What Is a Keogh Plan?
Is a Keogh Plan Right for You?
Figuring out how to invest in your retirement – or how to invest for any reason – is intimidating to begin with. A lot rides on your decisions. When you throw in some foreign sounding terms on top of that, it's only natural that your head may begin to hurt.
A Keogh – pronounced kee-yo – is a type of retirement plan designed for self-employed individuals and their employees. It can be set up by small businesses that are structured as LLCs, sole proprietorships or partnerships. A Keogh is similar to a 401(k) for very small businesses, but the annual contribution limits are higher than 401(k) limits.
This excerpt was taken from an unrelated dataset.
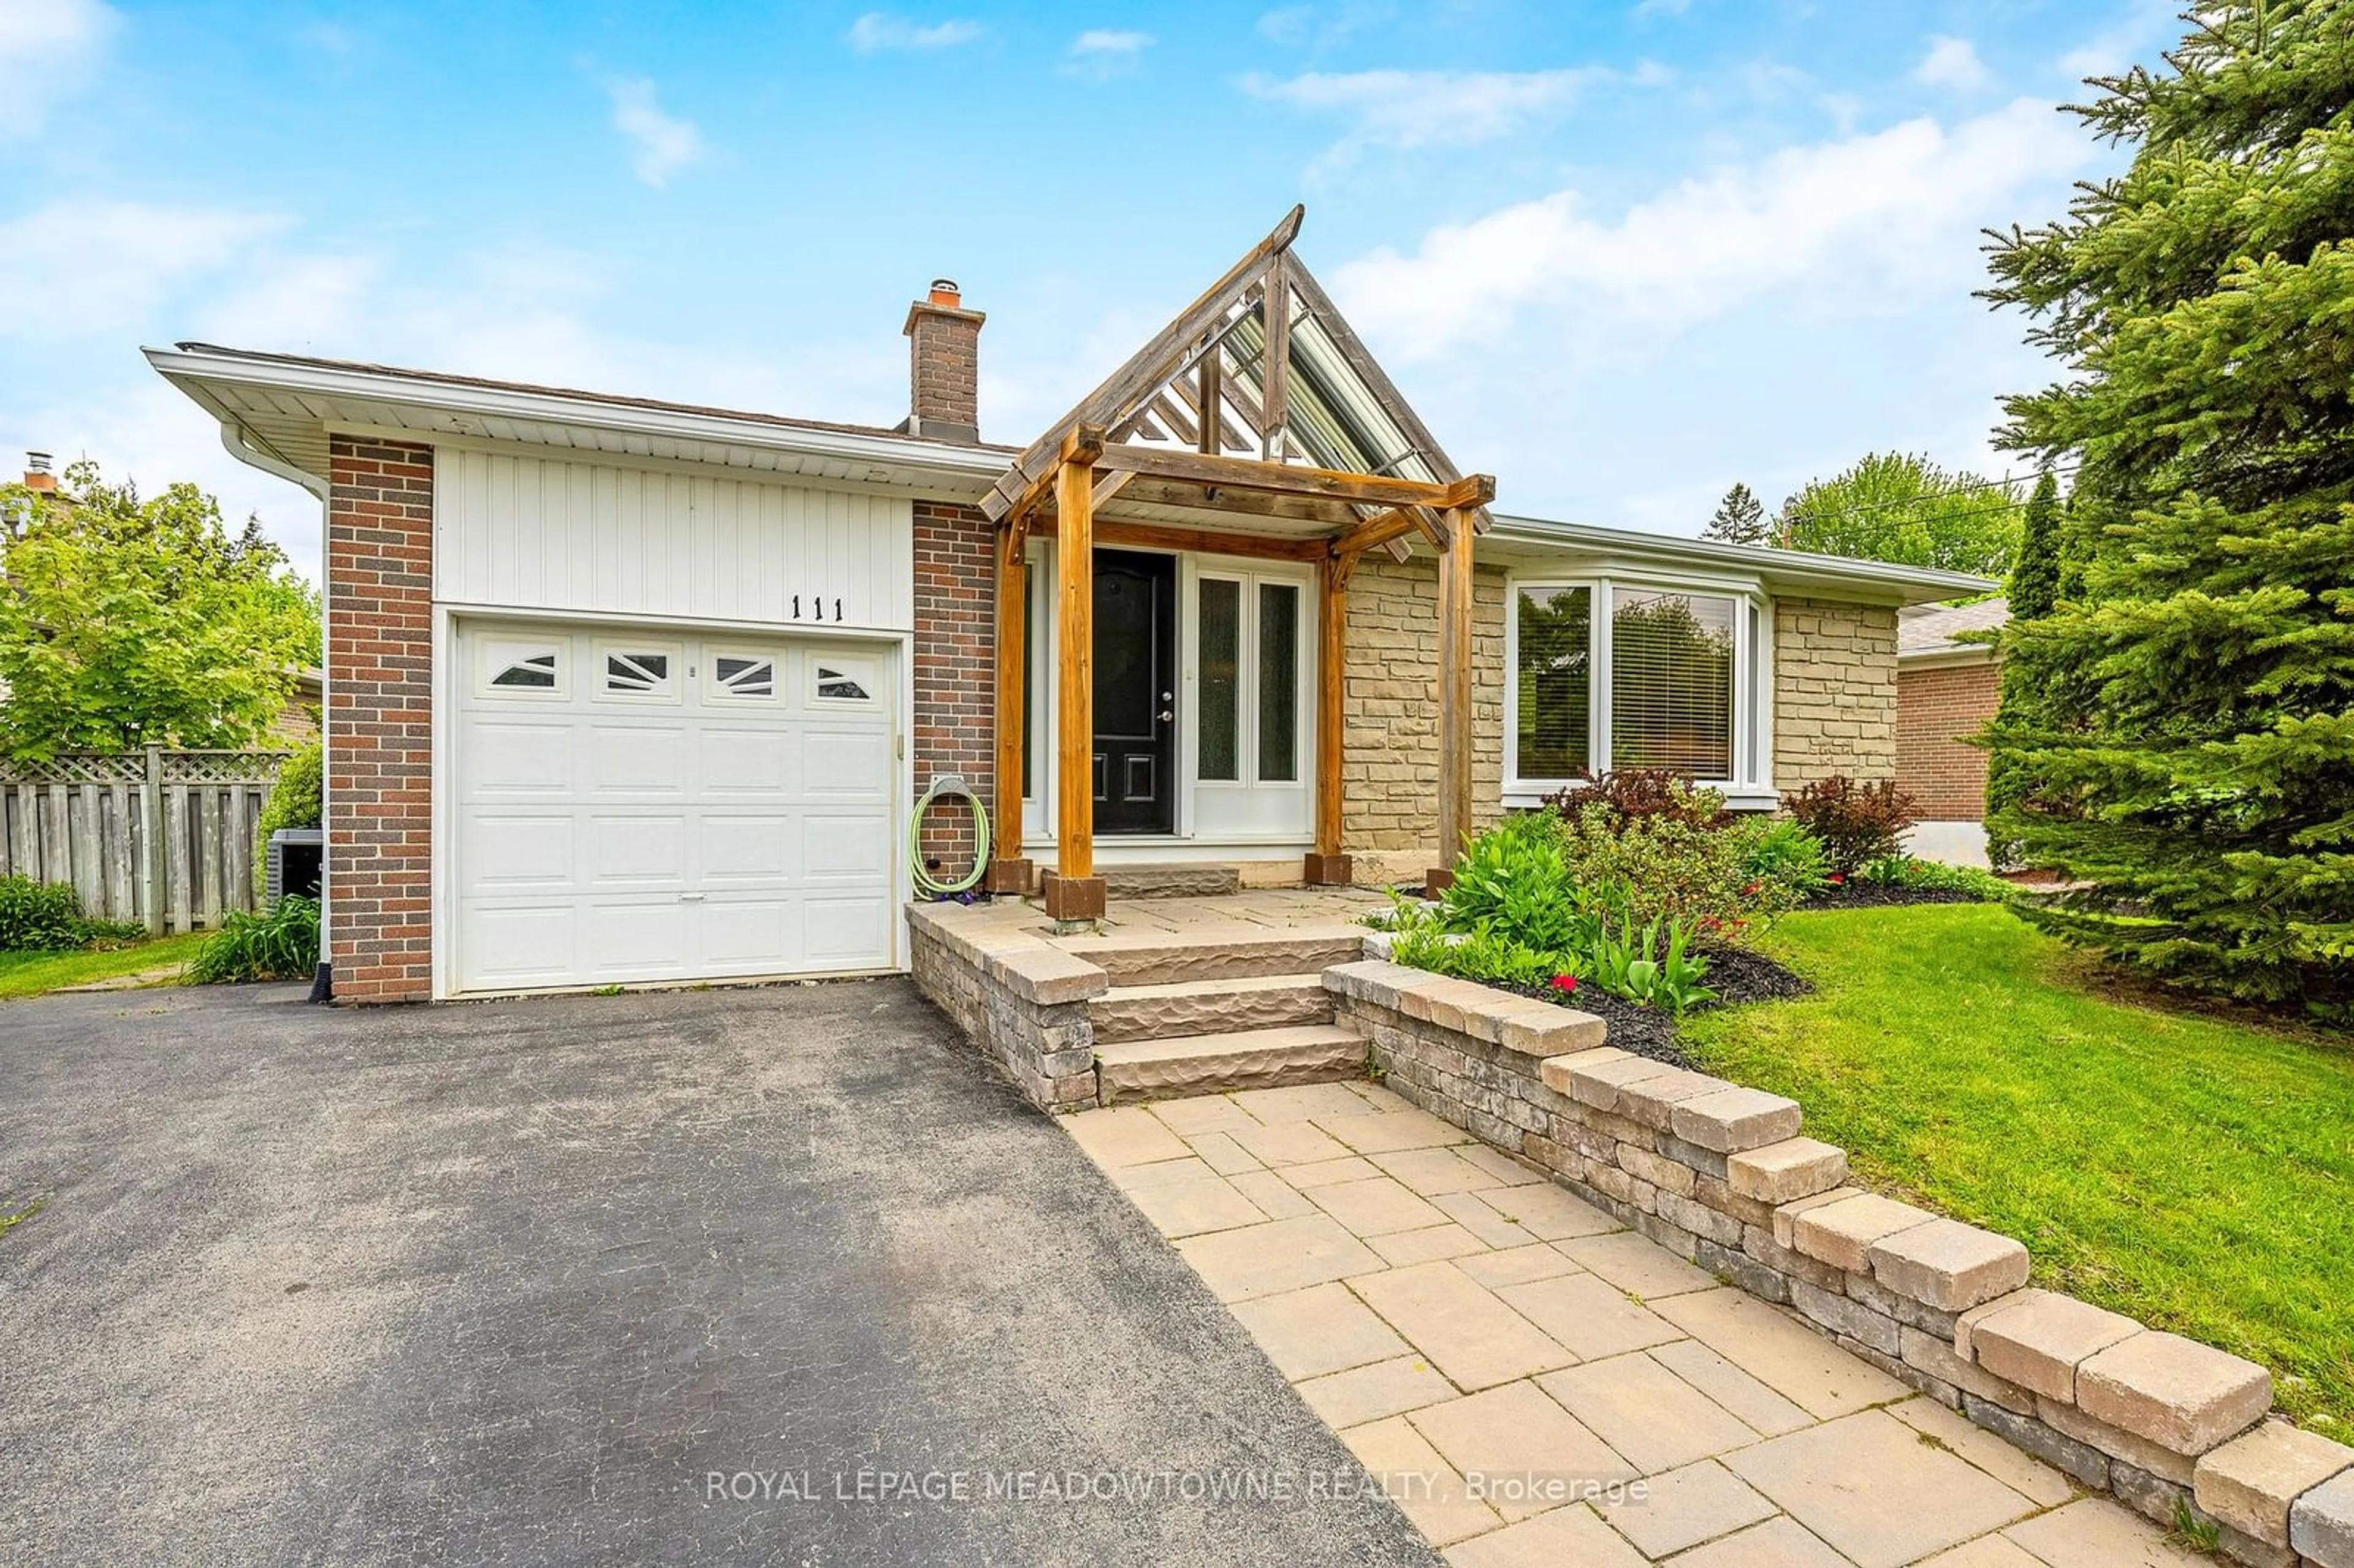 Home with brick exterior material for 111 Rexway Dr, Halton Hills Ontario L7G 1R3

So What Exactly Is a Keogh Plan?
Keogh plans get their name from the man who created them, Eugene Keogh, who established the Self-Employed Individuals Tax Retirement Act of 1962, aka the Keogh Act. The plans were changed by the Economic Growth and Tax Relief Reconciliation Act (EGTRRA) of 2001. In fact, they've changed so much that the Internal Revenue Code no longer refers to them as Keoghs. They're now known as HR 10 or qualified plans.
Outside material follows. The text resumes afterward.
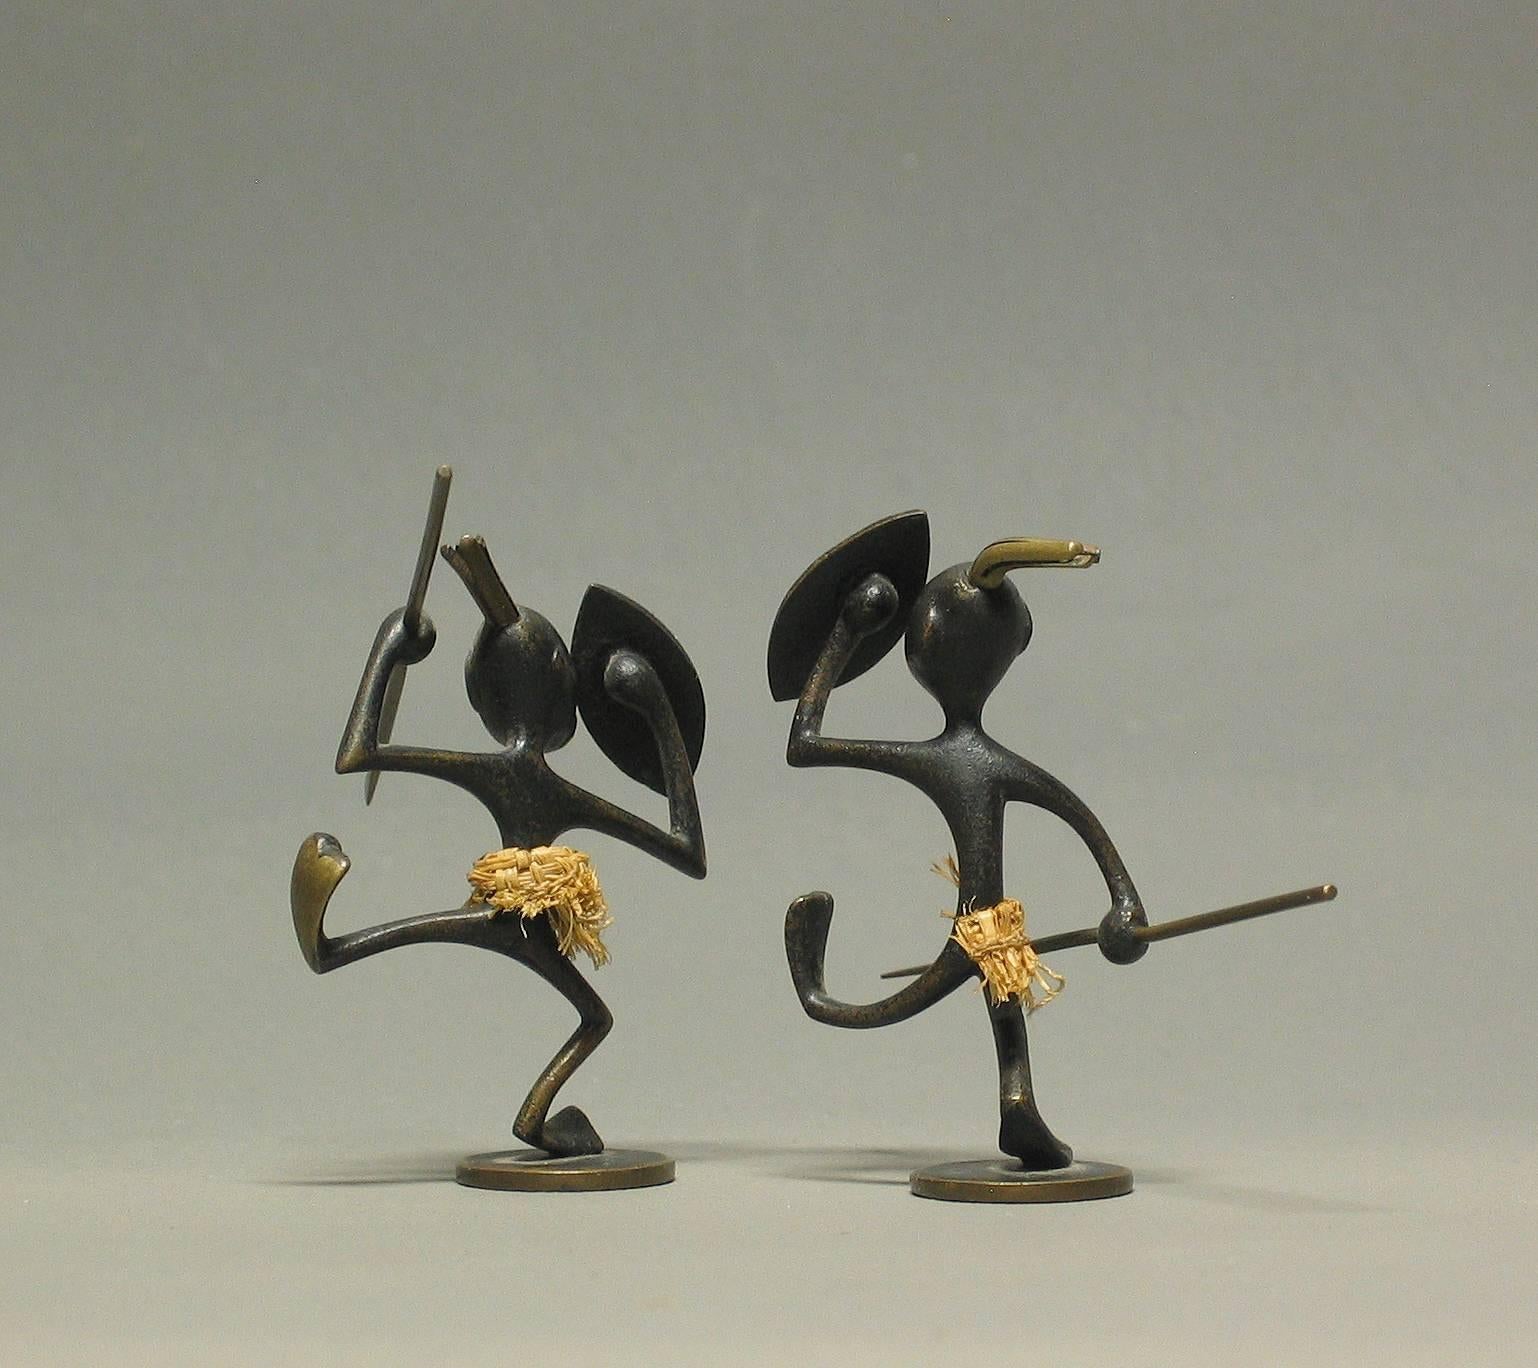 Hand-Crafted Pair of Patinated Bronze African Figures by Hagenauer, circa 1930s-1950s

The Keogh structures still exist, but they've lost popularity compared to plans like SEP-IRAs or individual or solo 401(k)s. A Keogh may be right for a highly paid professional, such as a self-employed dentist or a lawyer, but the cases in which these plans make sense are specific and fairly rare.
Two Types of Keogh Plans
There are two types of Keoghs: defined contribution and defined benefit.
- Defined contribution: You define the contribution that will be made each year. You can make contributions through profit-sharing or money purchase. With profit sharing, you can contribute up to a $54,000 limit in 2017 , and you can deduct up to 25 percent of your income. The amount you choose to contribute to a profit-sharing plan can change each year. With a money purchase plan, you determine at the outset the percentage of profits that will be placed in the Keogh, but that contribution is required if there are profits and it can't be changed. If the contribution isn't made, you'll face a penalty.
- Defined benefit: This works like a traditional pension plan. You set a pension goal for yourself and fund it. You can contribute up to $215,000 in 2017. This makes it an interesting choice for highly compensated self-employed individuals who want to contribute some extra dollars before retirement.
Contributions to each type of plan are made on a pre-tax basis so they're taken out of your taxable salary. You'll pay taxes each pay period on less. You have the option of taking an upfront deduction on your annual income tax return instead.
Investing in a Keogh
As with a traditional 401(k), the money contributed to a Keogh can be invested tax-deferred until retirement, beginning at age 59 1/2 but no later than age 70. Withdrawals made before that time are taxed on a federal and possibly state level, plus you'll pay a 10-percent penalty. But some exceptions exist to these rules, depending on your physical and financial health.
The money in a Keogh plan can be invested in stocks, bonds, mutual funds and other types of investments.
A Keogh plan must be established before the end of the year in which you wish to receive the deduction, but you can make Keogh contributions for the prior year when you file your tax return by mid-April or, if you file an extension, by mid-October.
Keogh plans require a good deal of annual paperwork. IRS Form 5500 must be filed each year, and it requires the help of a tax accountant or a financial professional. This is one of the primary reasons that Keoghs can be complicated for the average self-employed individual. Talk to a financial or tax advisor before establishing a Keogh plan.